Treatment by purgation, which under the influence of the teachings of Brown during the influenza epidemic at the end of the eighteenth century attained a great reputation, also in our day found some few to praise it. Calomel in purgative doses (Schuster, Dumas) and large doses of castor oil (Sagorski, Mosler) were said to have an abbreviating influence on the attack of influenza. Really to prove this would not be easy.
It is only in the purely gastro intestinal form of influenza that laxatives and intestinal disinfectants, especially calomel, could possibly have an abortive action. That purgatives must be cautiously administered is self evident when we recollect the above mentioned severe hemorrhagic forms of influenzal enteritis.
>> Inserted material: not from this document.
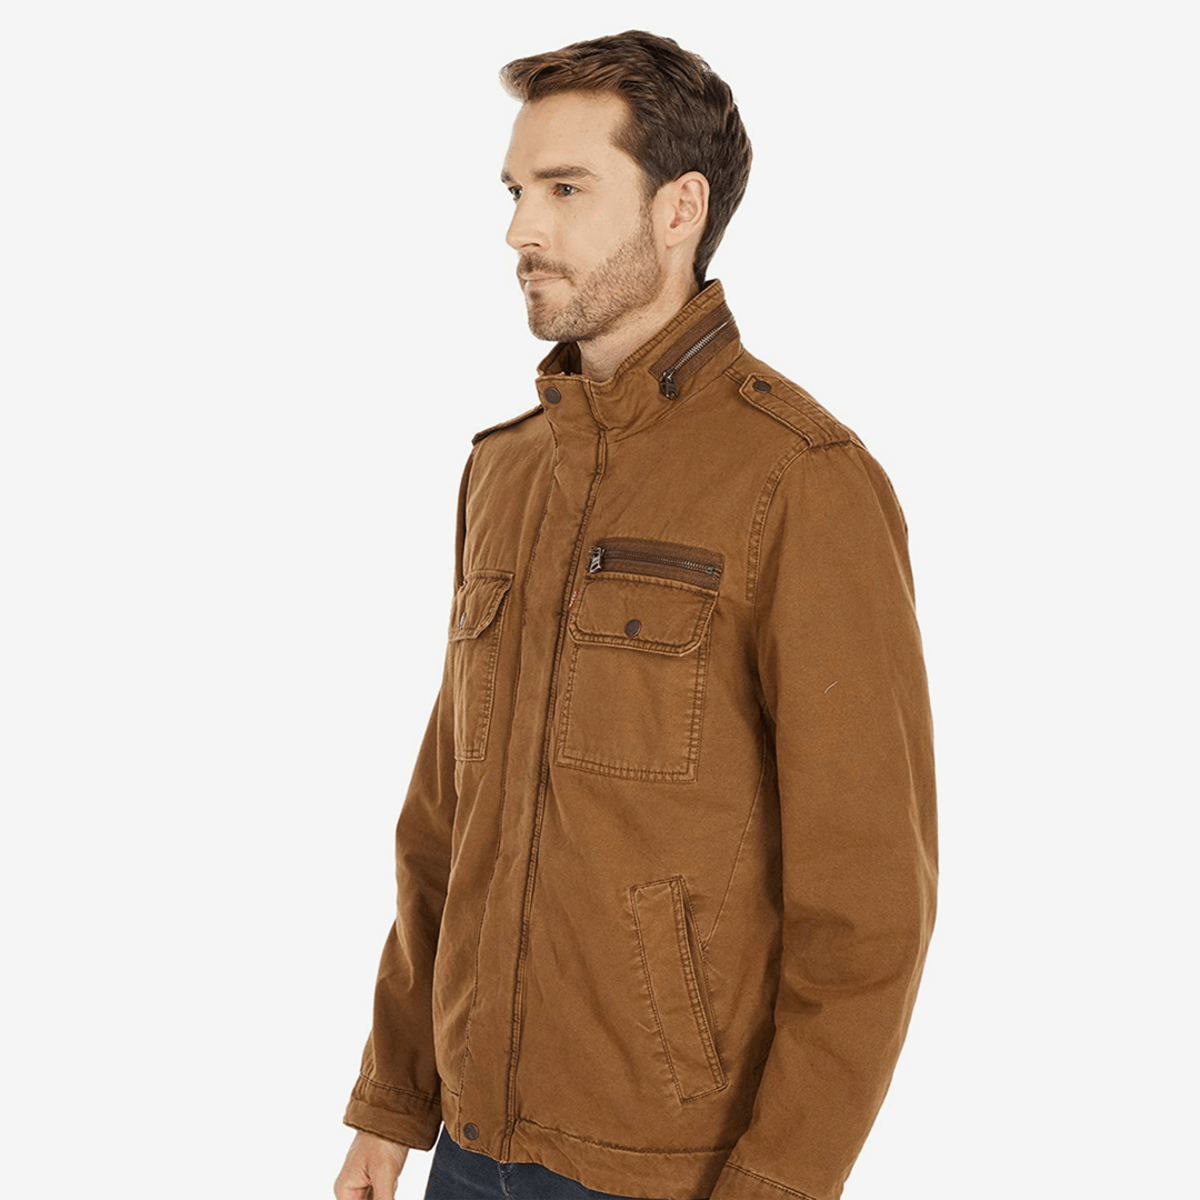 Bundle Up This Fall With The Levi's® Two-Pocket Military Jacket - Men's  Journal

The advisability of giving a mild laxative at the onset of a disease in constipated patients is obvious.
A large number of medicaments and other materials were credited, purely empirically, with an effective or "specific" action in influenza.
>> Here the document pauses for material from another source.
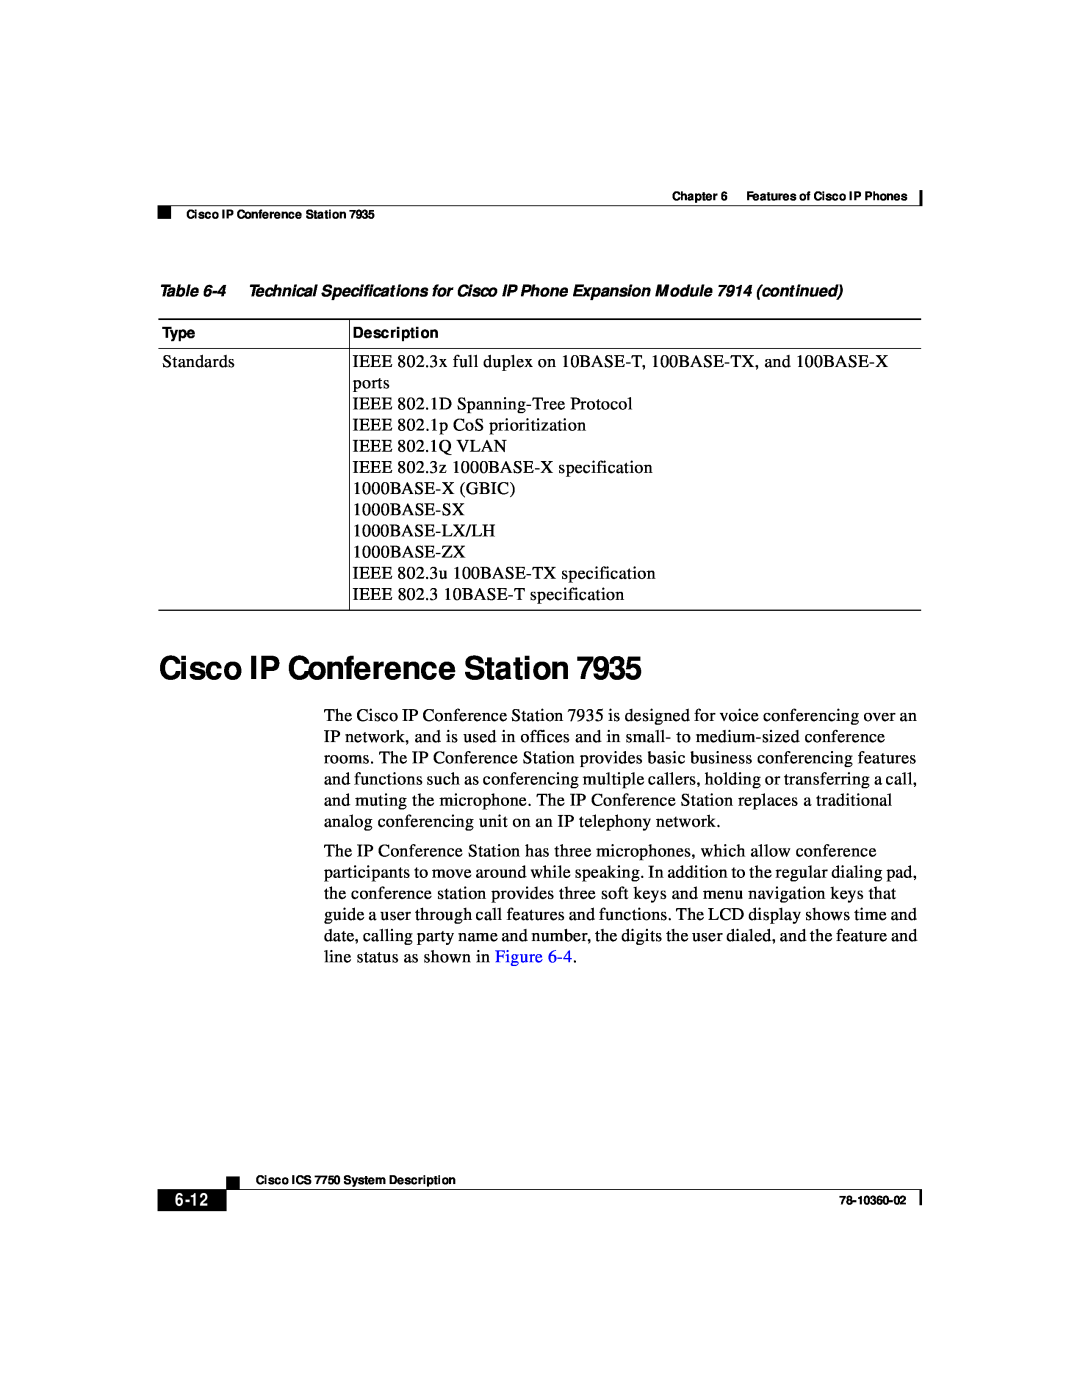 Cisco Systems ICS-7750 manual Cisco IP Conference Station, 6-12

To these belong ammonium chlorid, especially praised in France; furthermore, benzol, benzonaphthol, carbolic acid, creasote, creolin, turpentine, ichthyol, balsam of Peru, cinnamic acid, tannin, potassium iodid, corrosive sublimate, double chlorid of gold and sodium, sulphid of calcium, sulphocarbolate of sodium, carbonate of potassium, aconite, gelsemium, tinctura cardui Mariae, etc.
For credulous therapeutic optimists, disposed to consider all favorable terminations of disease in the light of post hoc ergo propter hoc, influenza was an excellent case, since the enormous majority of attacks terminate favorably and spontaneously in a few days.
The most fortunate are the "homeopaths"; for here too, as in every other disease, or for every symptom of the disease, they possess also for influenza a specific infallible remedy. We do not begrudge them their wonderful recoveries any more than we do their companions, "the nature doctors," "magnetopaths," etc. The supporters of Kneipp, of course, praise their water douches and their adjuncts, camomile tea and Kneipp coffee; the vegetarians commend their diet; the adherents of Jaeger, their woolen clothing-as the safest protection or remedy against influenza. Voices have also been raised for the use of suggestion and hypnosis in the treatment of influenza.
There is neither a prophylactic nor a specific for influenza. The hope that some day it may be possible to immunize, by preventive inoculation with a future "influenza serum" on the approach of an influenza epidemic, and to treat the patients in a truly specific manner, is to day no mere fantastic speculation, although it must be admitted that such hopes, especially as regards influenza, must be deemed very remote, if only for the reason that influenza is a disease which arouses interest often only at intervals of several decads.